# [ACTION ITEM]
Return the material below exactly, but only from the line with "QUHSMen Lapel Collar" through the line with "comfort2000 ir. verw.paneel, 1025W, 1206", and without its pictures.

# [MATERIALS PROVIDED]
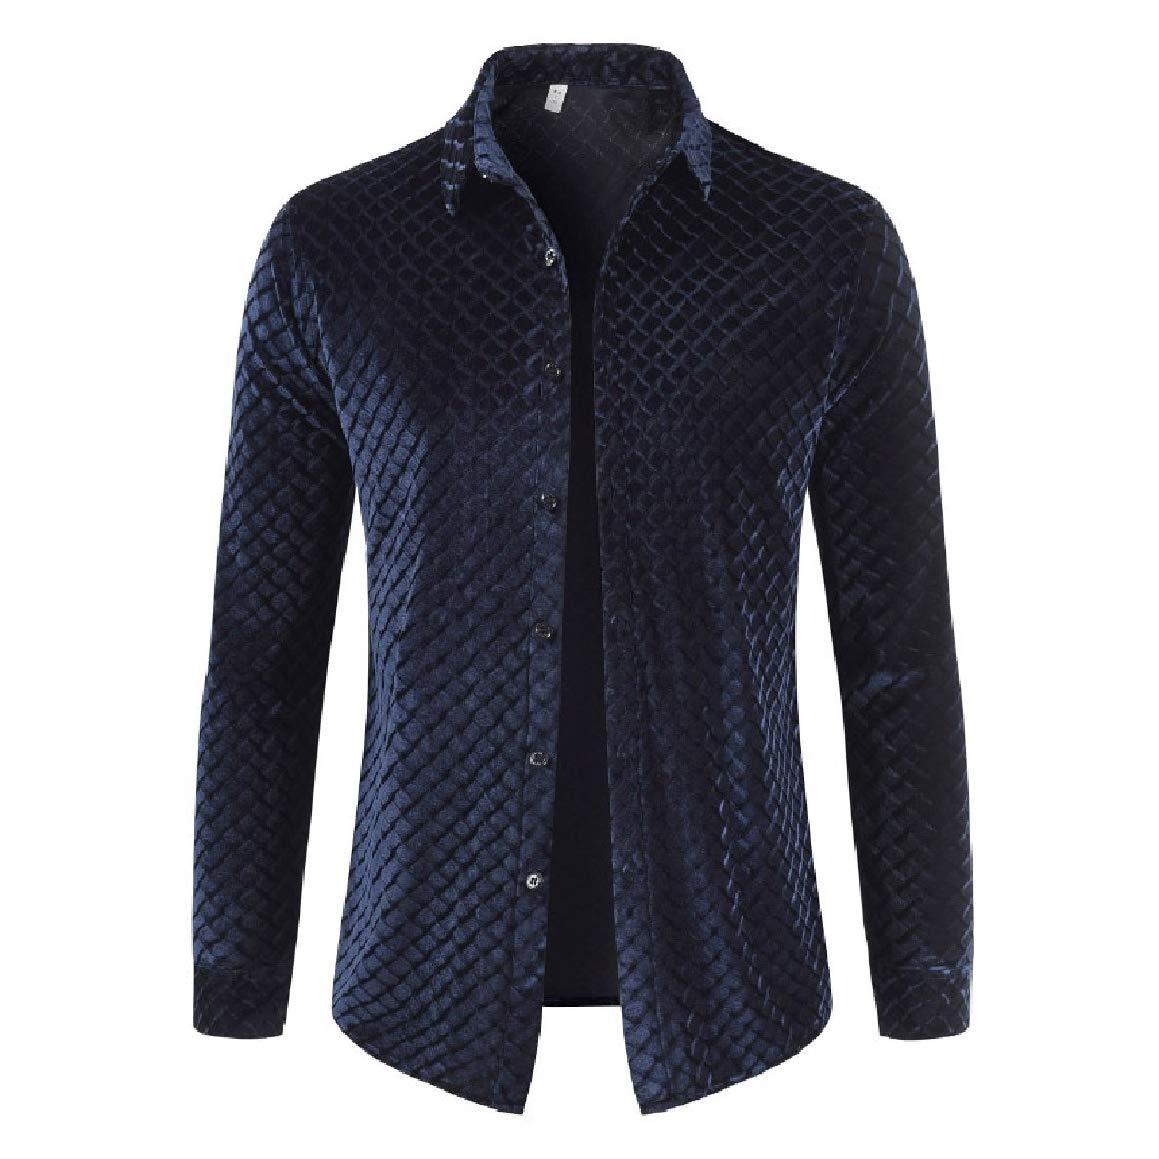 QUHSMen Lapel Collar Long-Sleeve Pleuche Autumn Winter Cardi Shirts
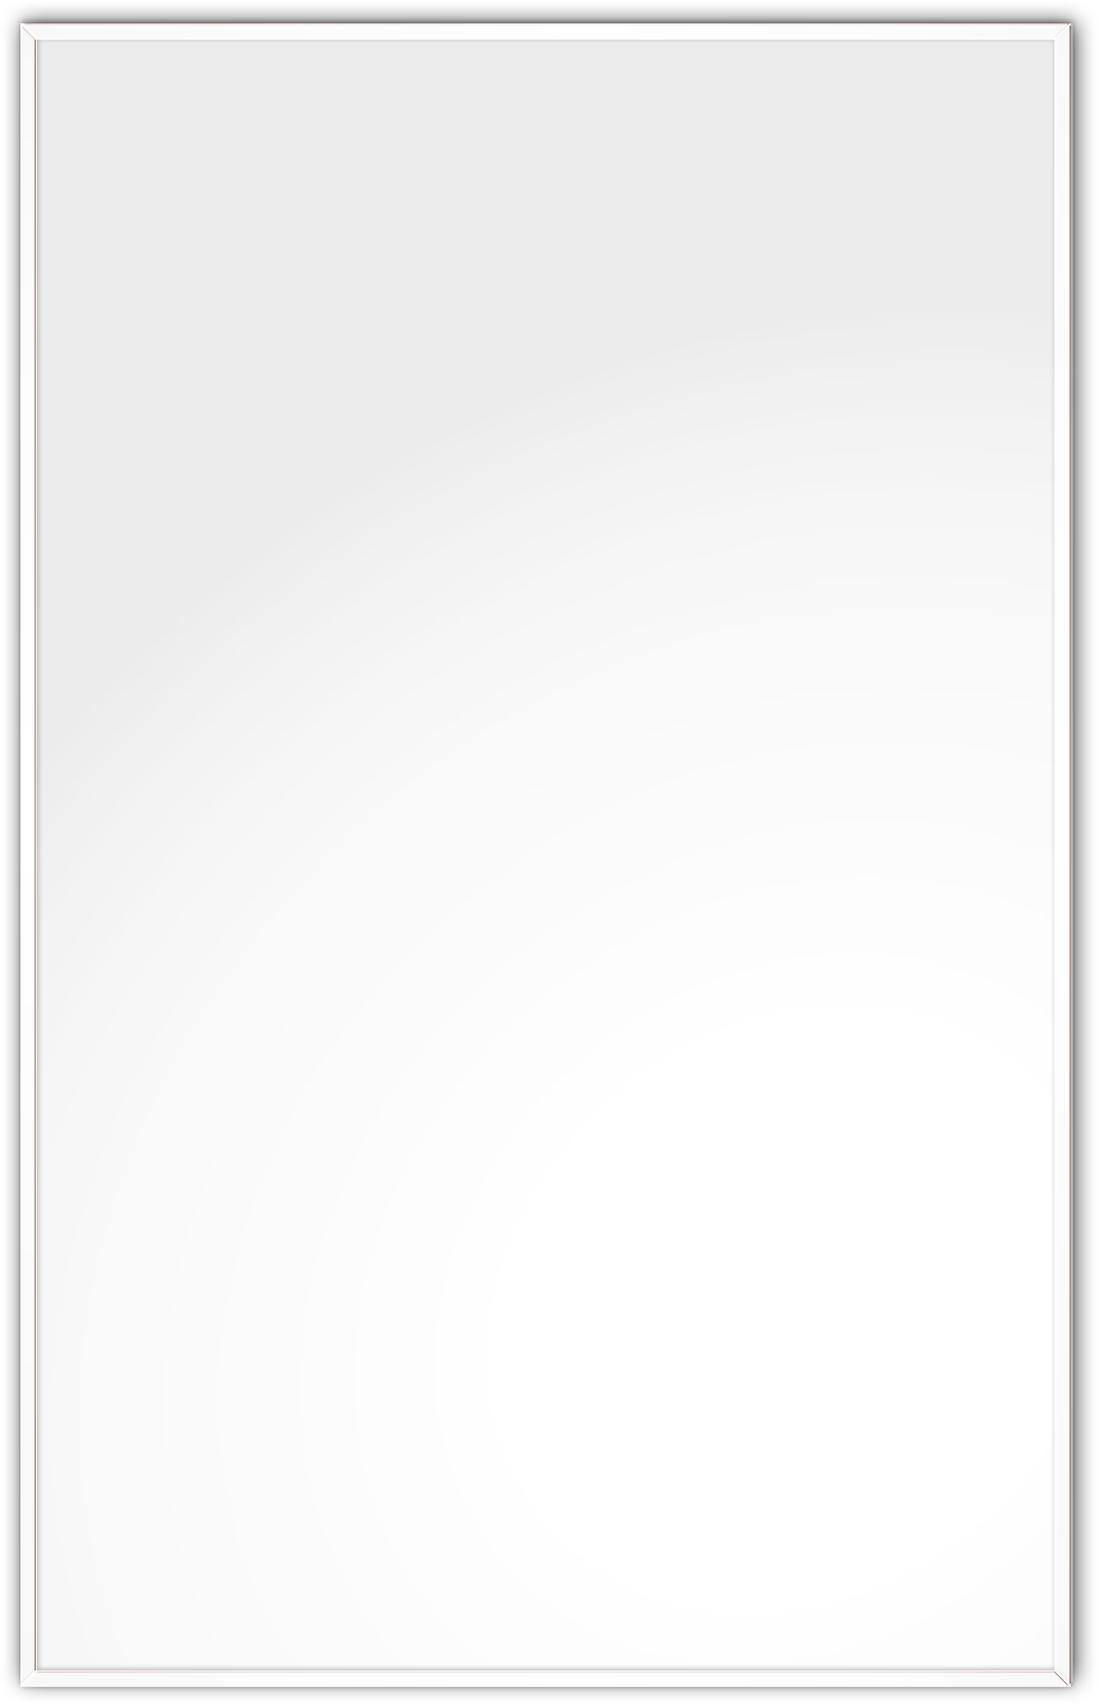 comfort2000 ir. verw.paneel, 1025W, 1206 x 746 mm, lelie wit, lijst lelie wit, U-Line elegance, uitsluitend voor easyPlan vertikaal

==

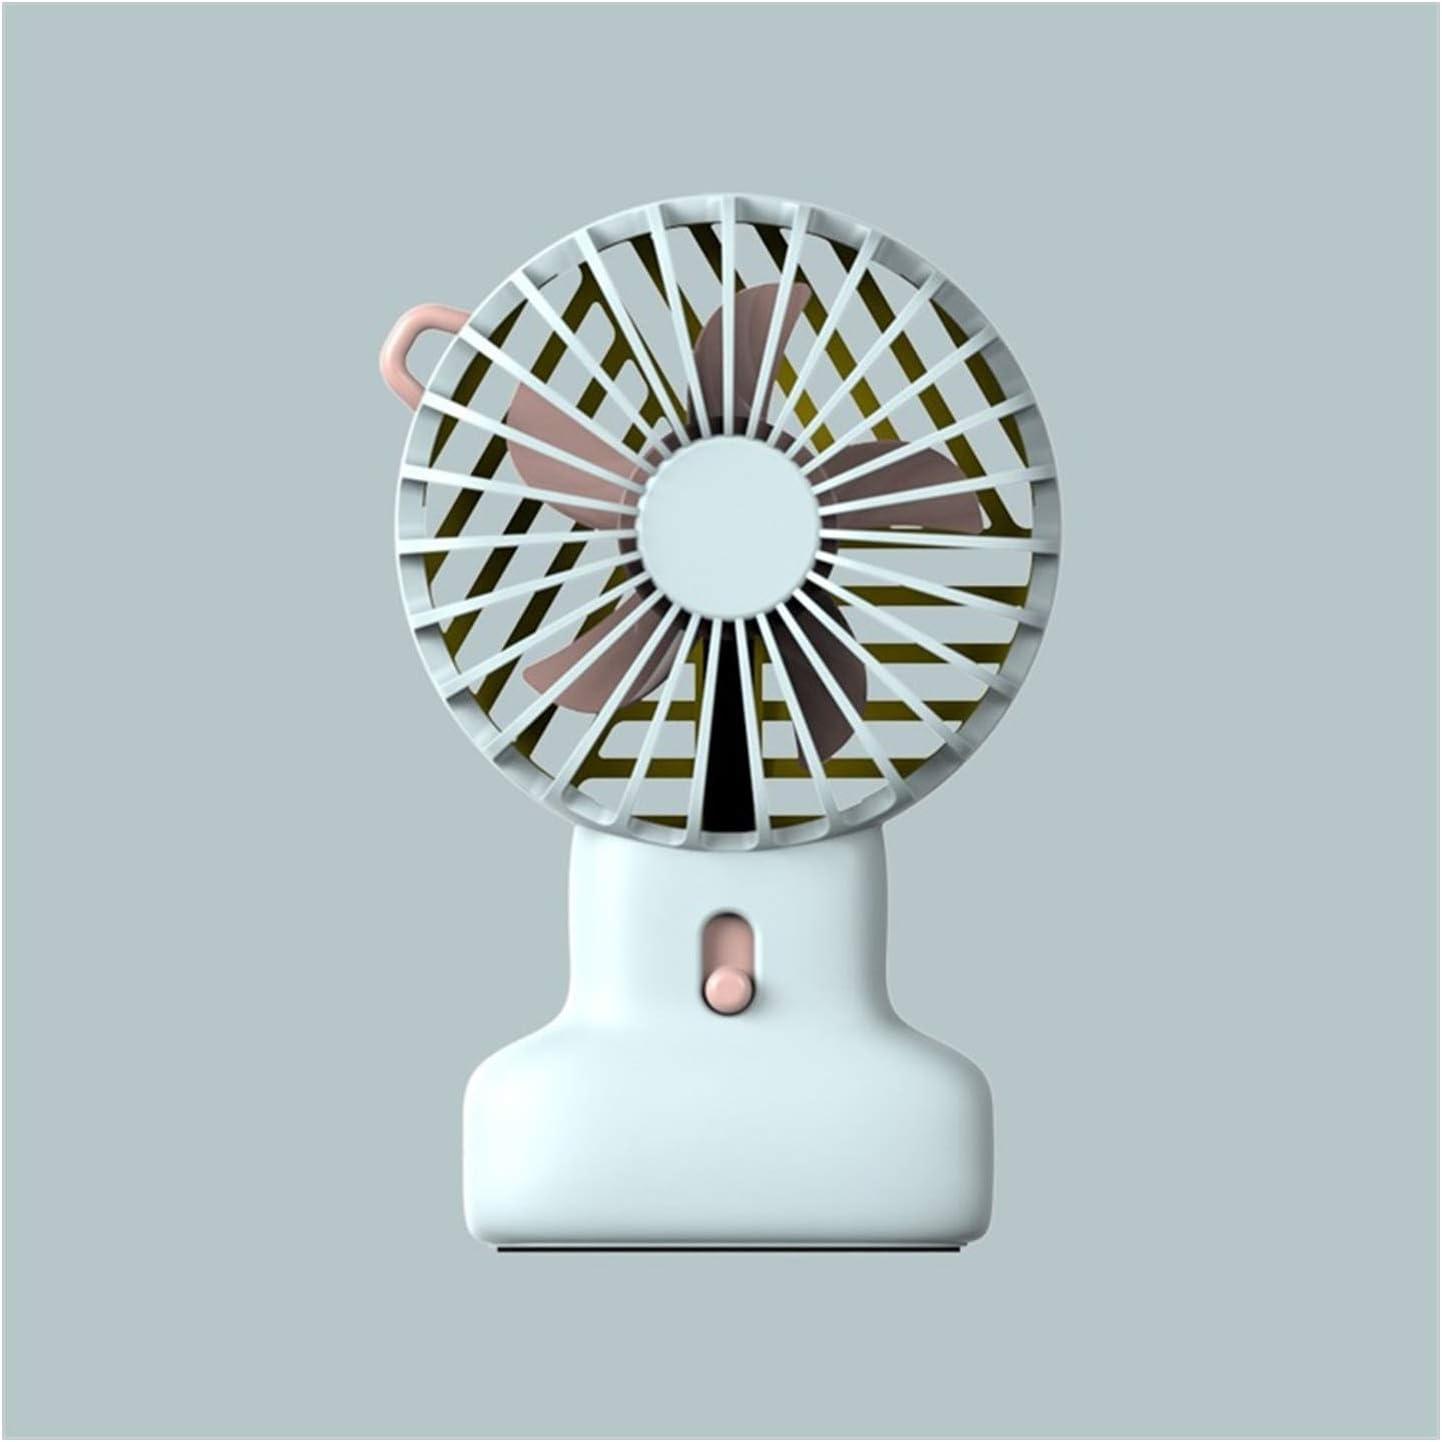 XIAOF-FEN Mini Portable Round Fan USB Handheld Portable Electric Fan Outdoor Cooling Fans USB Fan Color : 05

# [OUTPUT OF THE EXERCISE]
 QUHSMen Lapel Collar Long-Sleeve Pleuche Autumn Winter Cardi Shirts
 comfort2000 ir. verw.paneel, 1025W, 1206 x 746 mm, lelie wit, lijst lelie wit, U-Line elegance, uitsluitend voor easyPlan vertikaal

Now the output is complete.